Thu Nov 17 20:04:49 EST 2016

On 11/17/2016 11:37 AM, Israel Brewster wrote:
> I have a resource that is set up as a clone set across my cluster,
> partly for pseudo-load balancing (If someone wants to perform an action
> that will take a lot of resources, I can have them do it on a different
> node than the primary one), but also simply because the resource can
> take several seconds to start, and by having it already running as a
> clone set, I can failover in the time it takes to move an IP resource -
> essentially zero down time.
> 
> This is all well and good, but I ran into a problem the other day where
> the process on one of the nodes stopped working properly. Pacemaker
> caught the issue, and tried to fix it by restarting the resource, but
> was unable to because the old instance hadn't actually exited completely
> and was still tying up the TCP port, thereby preventing the new instance
> that pacemaker launched from being able to start.
> 
> So this leaves me with two questions: 
> 
> 1) is there a way to set up a "kill script", such that before trying to
> launch a new copy of a process, pacemaker will run this script, which
> would be responsible for making sure that there are no other instances
> of the process running?

Sure, it's called a resource agent :)

When recovering a failed resource, Pacemaker will call the resource
agent's stop action first, then start. The stop should make sure the
service has exited completely. If it doesn't, the agent should be fixed
to do so.

> 2) Even in the above situation, where pacemaker couldn't launch a good
> copy of the resource on the one node, the situation could have been
> easily "resolved" by pacemaker moving the virtual IP resource to another
> node where the cloned resource was running correctly, and notifying me
> of the problem. I know how to make colocation constraints in general,
> but how do I do a colocation constraint with a cloned resource where I
> just need the virtual IP running on *any* node where there clone is
> working properly? Or is it the same as any other colocation resource,
> and pacemaker is simply smart enough to both try to restart the failed
> resource and move the virtual IP resource at the same time?

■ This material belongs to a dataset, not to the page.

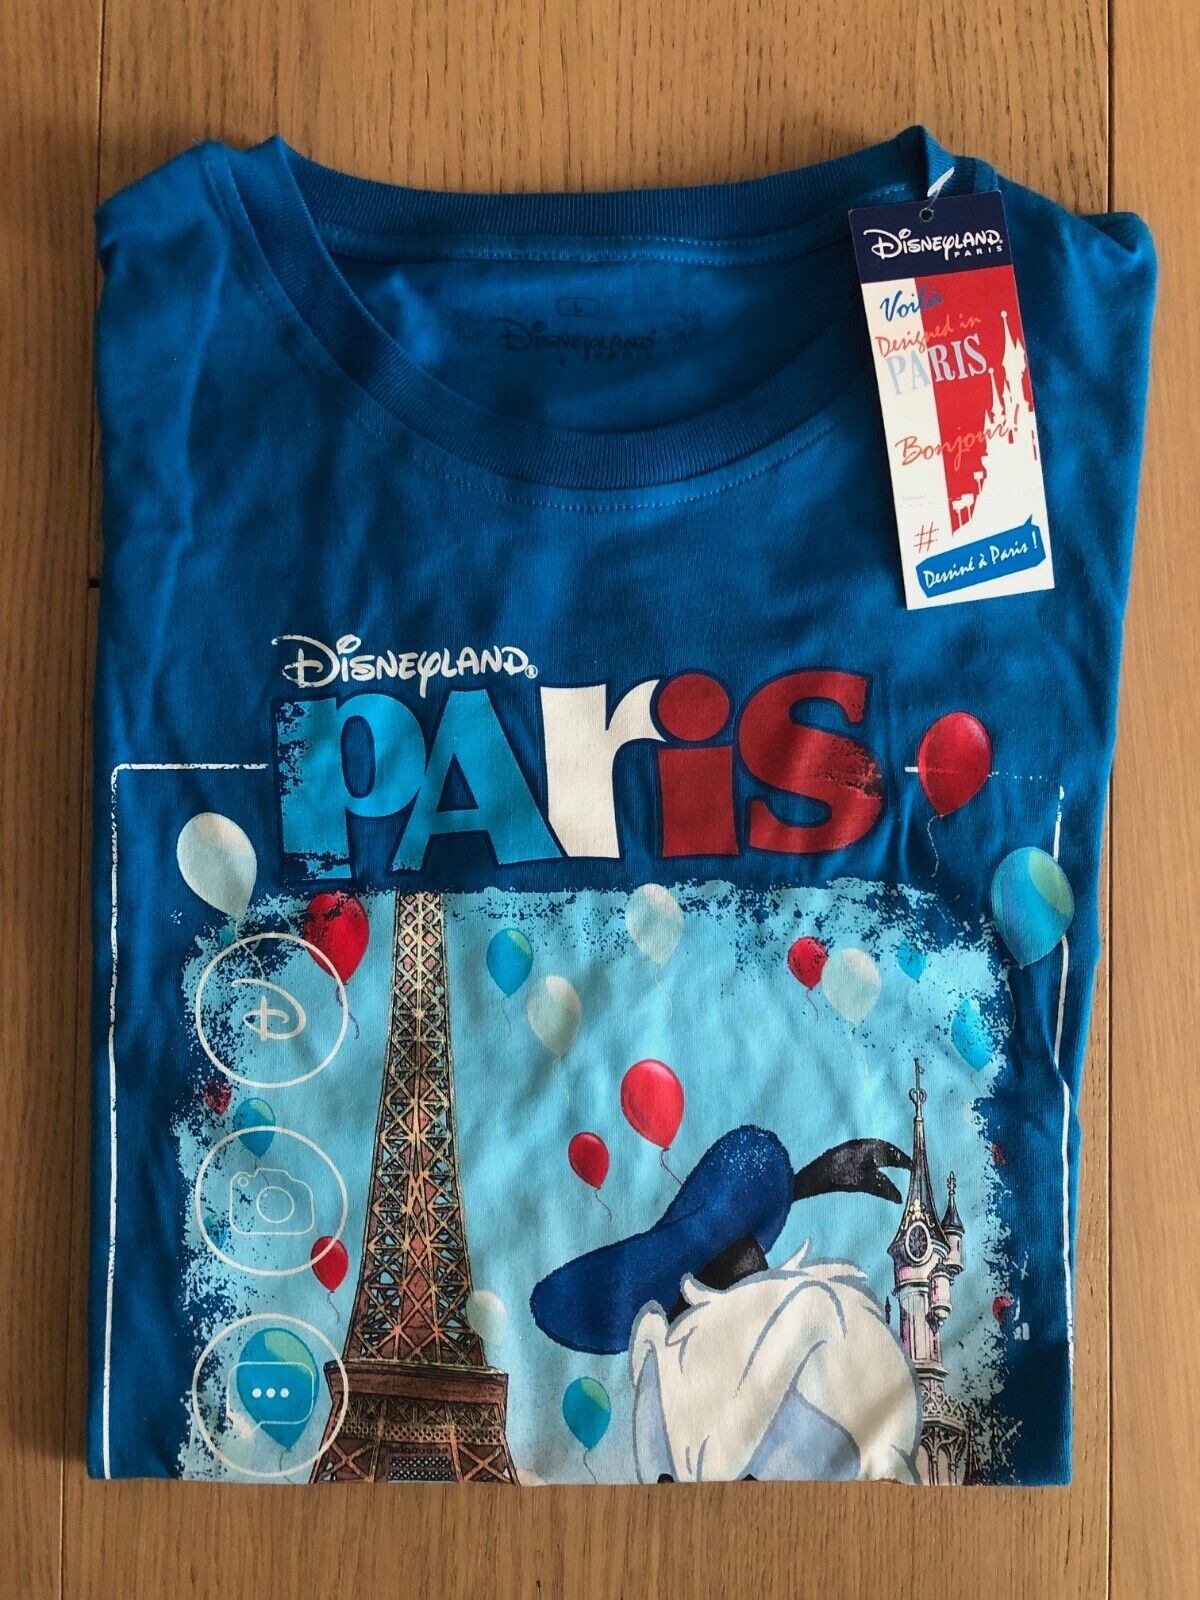 Disneyland Paris Donald Duck Cotton Blue Short Sleeve T-Shirt Large New w/ Tag
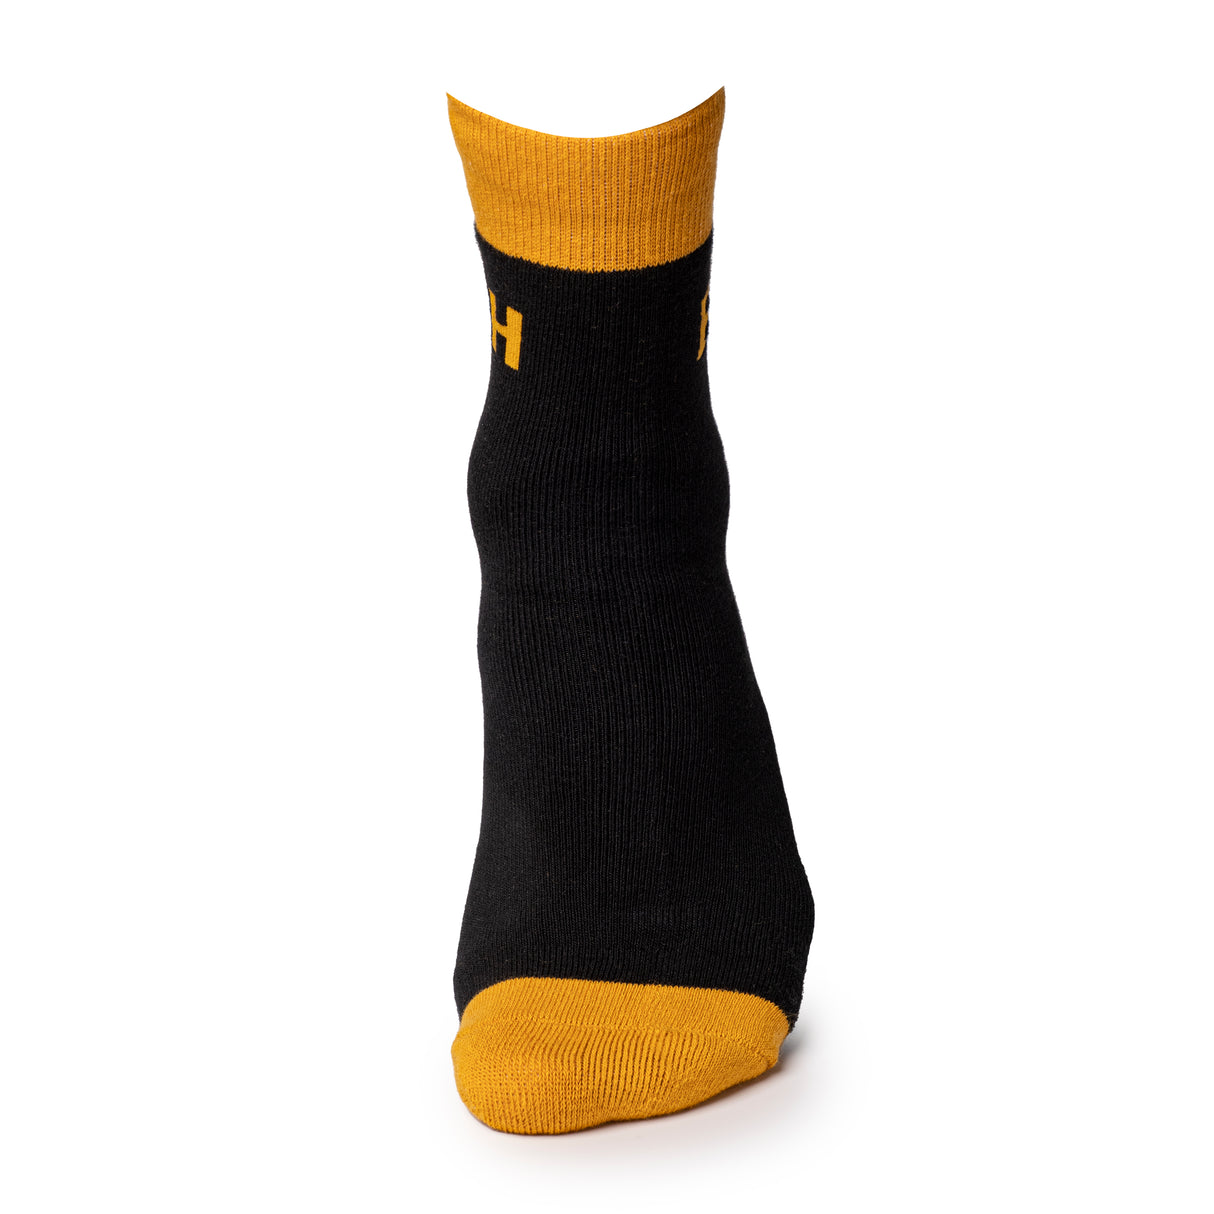 Black Hammer Endura Comfort Mens Work Socks x4 Pairs

Correct, a simple colocation constraint of "resource R with clone C"
will make sure R runs with a working instance of C.

There is a catch: if *any* instance of C restarts, R will also restart
(even if it stays in the same place), because it depends on the clone as
a whole. Also, in the case you described, pacemaker would first try to
restart both C and R on the same node, rather than move R to another
node (although you could set on-fail=stop on C to force R to move).

If that's not sufficient, you could try some magic with node attributes
and rules. The new ocf:pacemaker:attribute resource in 1.1.16 could help
there.

> As an addendum to question 2, I'd be interested in any methods there may
> be to be notified of changes in the cluster state, specifically things
> like when a resource fails on a node - my current nagios/icinga setup
> doesn't catch that when pacemaker properly moves the resource to a
> different node, because the resource remains up (which, of course, is
> the whole point), but it would still be good to know something happened
> so I could look into it and see if something needs fixed on the failed
> node to allow the resource to run there properly.

Since 1.1.15, Pacemaker has alerts:

http://clusterlabs.org/doc/en-US/Pacemaker/1.1-pcs/html-single/Pacemaker_Explained/index.html#idm47975782138832

Before 1.1.15, you can use the ocf:pacemaker:ClusterMon resource to do
something similar.

> 
> Thanks!
> -----------------------------------------------
> Israel Brewster
> Systems Analyst II
> Ravn Alaska
> 5245 Airport Industrial Rd
> Fairbanks, AK 99709
> (907) 450-7293
> -----------------------------------------------